Karena sistem nilai budaya itu hanya konsep-konsep yang abstrak, bisa dirasakan, tetapi sering tidak dapat dinyatakan dengan tegas oleh warga masyarakat yang bersangkutan.

Justru sering hanya bisa dirasakan dan tidak dapat dirumuskan dengan akal yang rasional. 

Membangun karakter dan watak bangsa melalui pendidikan mutlak diperlukan, bahkan tidak bisa ditunda, mulai dari lingkungan rumah tangga, sekolah dan masyarakat dengan meneladani para tokoh.

Orangtua memberi contoh, menjadi contoh dan mengajak anak-anak untuk belajar kehidupan rumah tangga.

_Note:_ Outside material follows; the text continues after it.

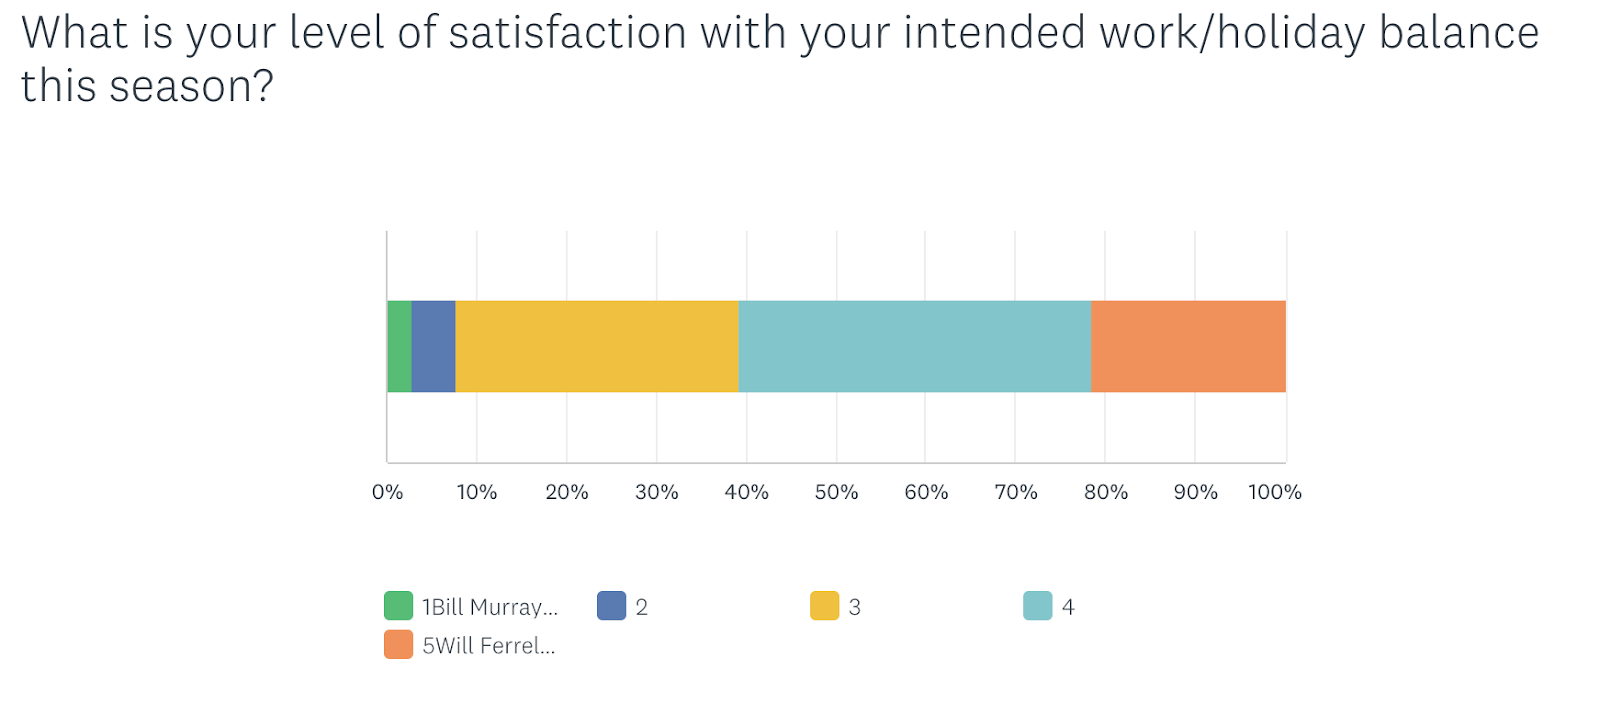 "What is your level of satisfaction with your intended work/holiday balance this season?" followed by a chart showing different percentage color bars totaling 100% with less than 5% for green "1 Bill Murray...", ~5% for navy "2", ~30% for yellow "3", ~40% for teal "4", and ~21% orange "5 Will Ferrel..."

Guru mencetak generasi sesuai dengan standar kompetensi lulusan, penumbuhan karakter yang kuat, penguasaan hard skills dan soft skills melalui pembelajaran yang berkualitas. 

Dimana kita sebagai guru dalam pendidikan agama Islam dituntut mengarahkan, membimbing para peserta didik berakhlak mulia, mempunyai kultur dalam segala aspek kehidupan.

Menjadi pribadi yang mandiri secara akademik, vokasional, sosial dan personal. Serta mewadahi para peserta didik kegiatan-kegiatan yang memungkinkan terlatihnya kesadaran diri (self awwerness).

Latihan kesadaran diri terus dilakukan, sehingga anak didik memahami apa yang diharapkan dari mereka sebagai pemegang tongkat estafet pembangunan. Sekian dan terima kasih***

Penulis : Jurotul A’yuni (192371057)

Pendidikan Agama Islam, Sekolah Tinggi Ilmu Tarbiyah Madani Yogyakarta.